There are 3 possible outputs for y - thus I used Softmax in the final layer - if I was to OHE the output, would using something like Sigmoid be more appropriate as the values are bound between 0 and 1?
Softmax outputs probabilities that sum to 1, which is appropriate for classification tasks with categorical outputs. However, an autoencoder (AE) reconstructs continuous-valued input features. Softmax constrains outputs to sum to 1, distorting reconstruction. For instance, if the input is $[5.1, 3.5, 1.4, 0.2]$, softmax might output $[0.4, 0.3, 0.2, 0.1]$, which does not preserve the input values. For continuous, unbounded inputs, a linear activation is often prefered, while a sigmoid activation is more suitable for data bounded by 0 and 1 (Goodfellow et al., 2016, Chapter 14).
Altering the smallest change in the layers (encoding layer going to 6 instead of 3) --> causes a major shift in the loss -- is this normal?
In a nutshell - yes. Altering the latent layer size can result in changes in loss due to the model’s capacity to represent the input. Reducing the latent space size constrains the model, increasing reconstruction error as fewer parameters are available for representation. Expanding it increases capacity but risks overfitting without some kind of regularisation. This trade-off between compression and reconstruction reflects the AE's objective of balancing dimensionality reduction and input fidelity.
Each run of the autoencoder produces a different result - is this normal that it is not deterministic?
Yes, that is normal because neural networks initialise weights randomly. Training begins with different initial conditions, and the optimiser may find different local minima (Glorot & Bengio, 2010). Setting a random seed ensures reproducibility for the pseudorandom number generators in NumPy (use np.random.seed()) and TensorFlow (use tf.random.set_seed())

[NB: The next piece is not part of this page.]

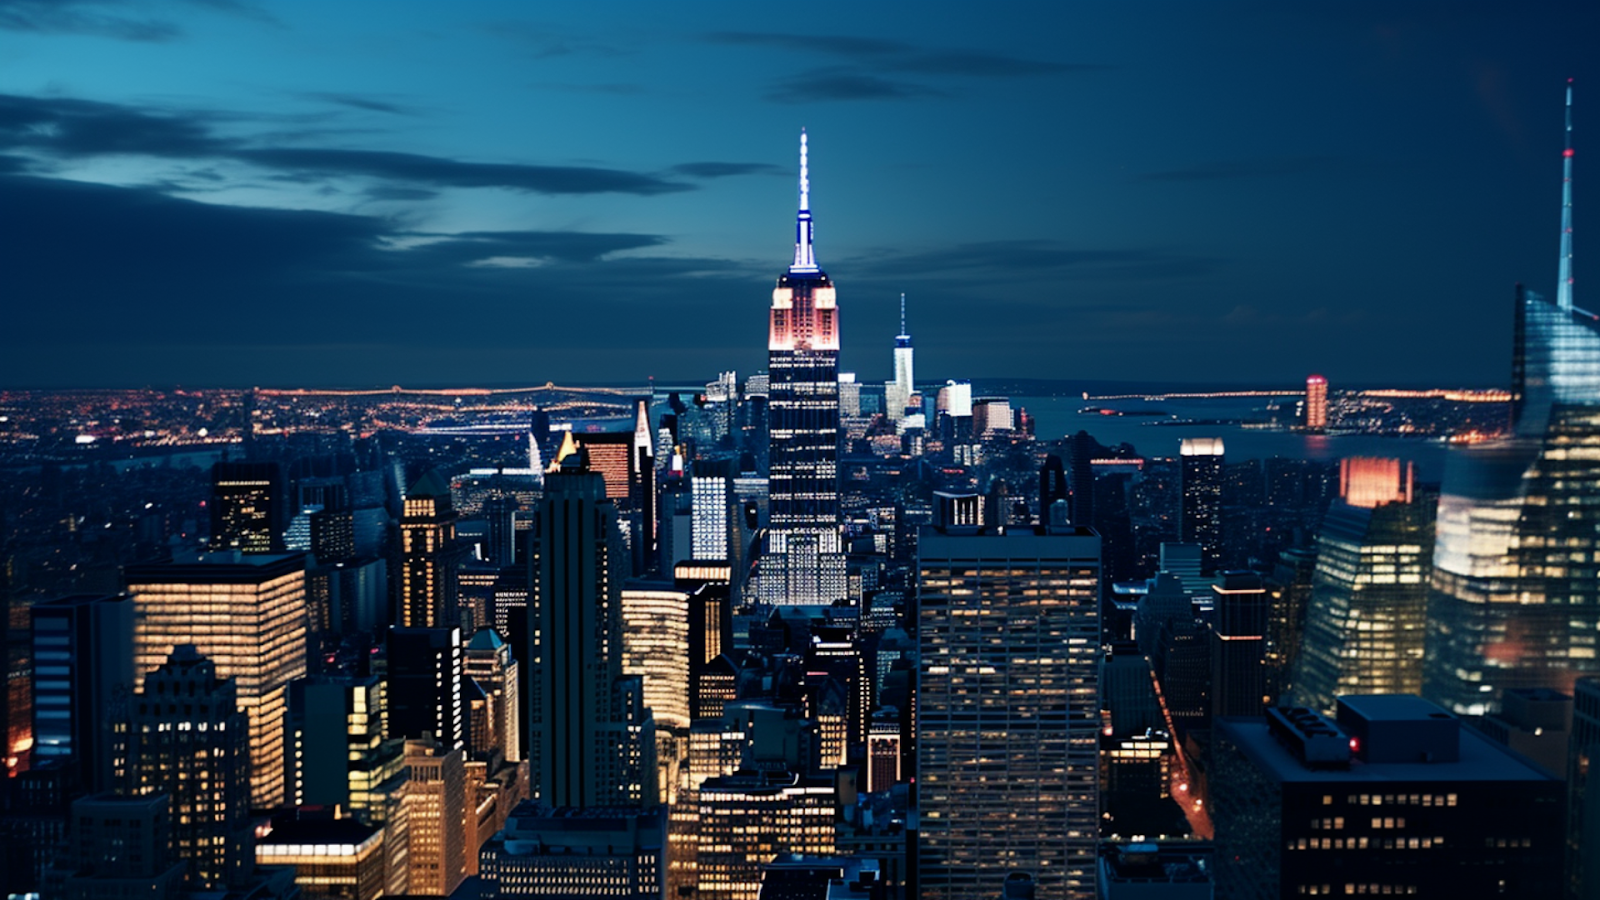 The Empire State Building illuminated against the New York City lights at night, showcasing the vibrant nocturnal architectural design.
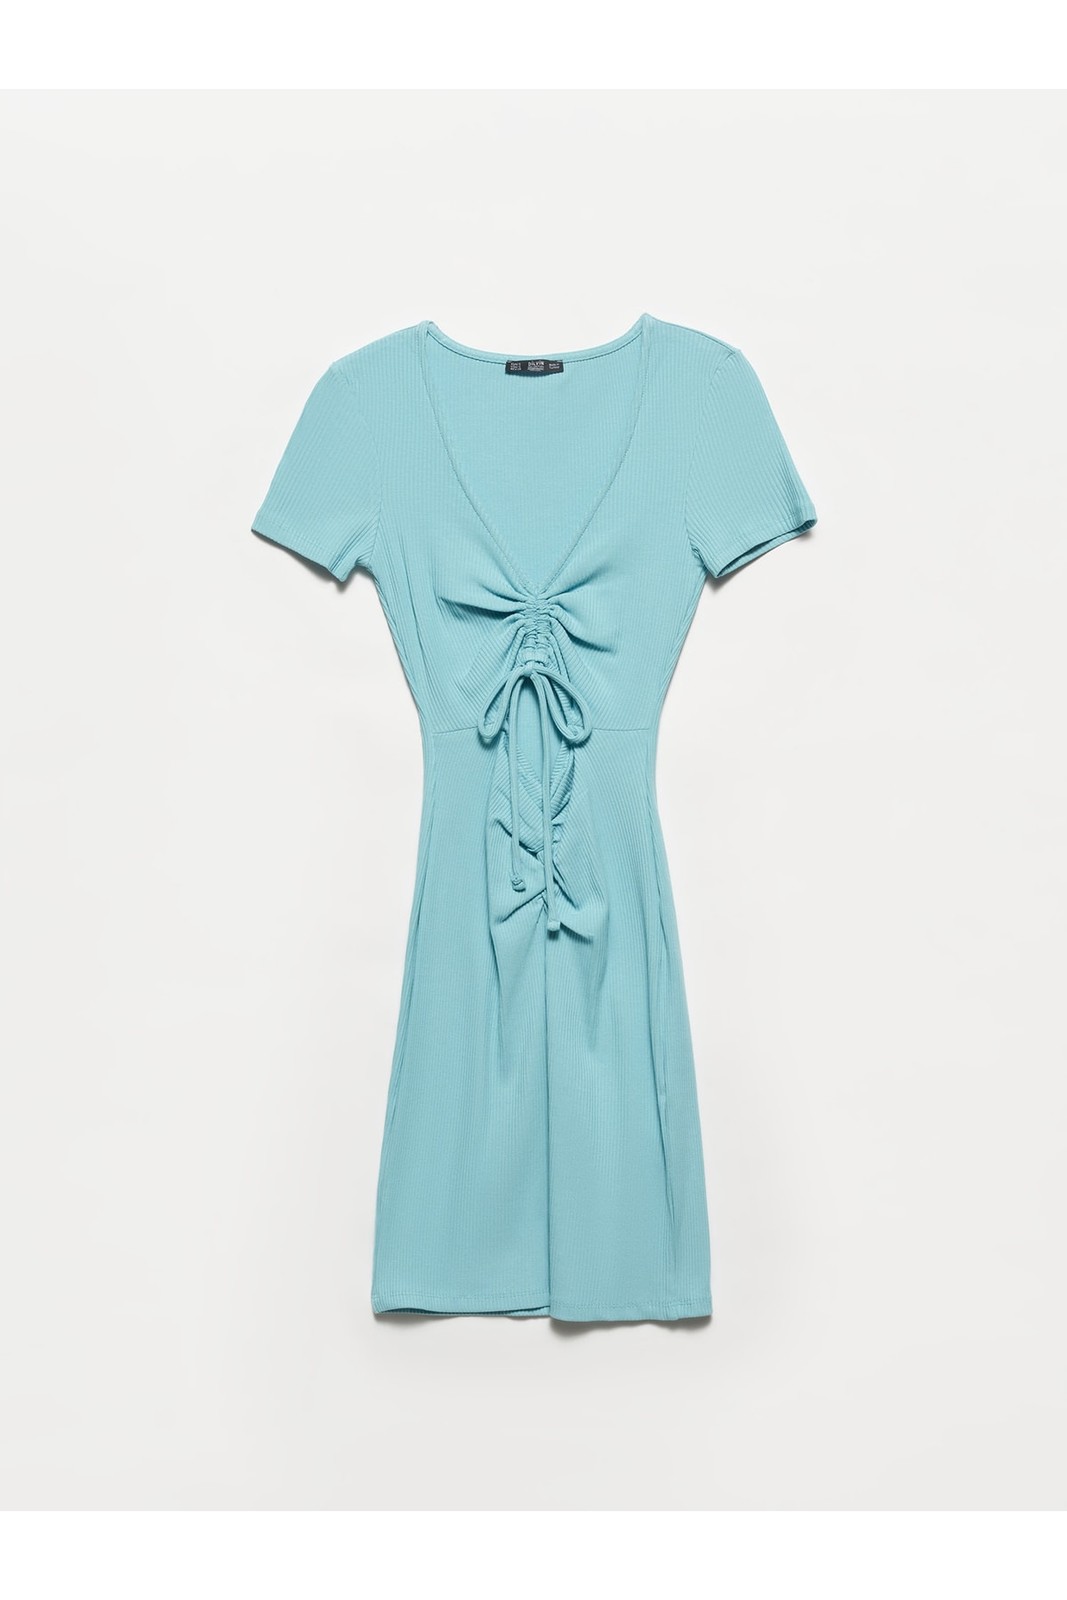 Dilvin 9133 V-Neck Dress with Pleated Front-turquoise

Why does the last layer have to be the same size (4) as the input dimension - are we able to force this to allow for an output of 3 for example? I know I can read from a latent layer, but then I can't fit the model based on that layer.
In AEs, the output layer size should match the input size because the model reconstructs the input features. Reducing the output size extracts a compressed representation but does not reconstruct the input. To access latent features, train the full AE, then define a new model using only the encoder layers. This approach enables exploration of the compressed representation while preserving reconstruction during training (Hinton & Salakhutdinov, 2006; Kingma & Welling, 2014).
Here is an attempt to improve on the code in the OP. It replaces softmax with a linear activation, uses mean squared error for continuous reconstruction, fixes random seeds, and extracts the latent representation.
import numpy as np import tensorflow as tf from sklearn.model_selection import train_test_split from sklearn import datasets from tensorflow.keras.layers import Input, Dense, BatchNormalization, LeakyReLU from tensorflow.keras import Model, optimizers # Set random seeds for reproducibility my_seed = 15 np.random.seed(my_seed) tf.random.set_seed(my_seed) # Load data and split it iris = datasets.load_iris() x = iris.data X_train, X_test = train_test_split(x, test_size=0.20, random_state=my_seed)
We are building a fully-connected overcomplete autoencoder. First we define the input layer which needs to accept input data with 4 features, matching the dimensionality of the Iris dataset.
input_dim = Input(shape=(X_train.shape[1],)) # 4 input features
Encoder
The first dense layer in the encoder, is known as an "overcomplete layer" because it contains more neurons than the dimensionality of the input data. In the OP, the input has 4 dimensions, but the overcomplete layer expands it to 6 dimensions. This additional capacity helps the model to learn more complex relationships and transformations by mapping the input to a higher-dimensional space.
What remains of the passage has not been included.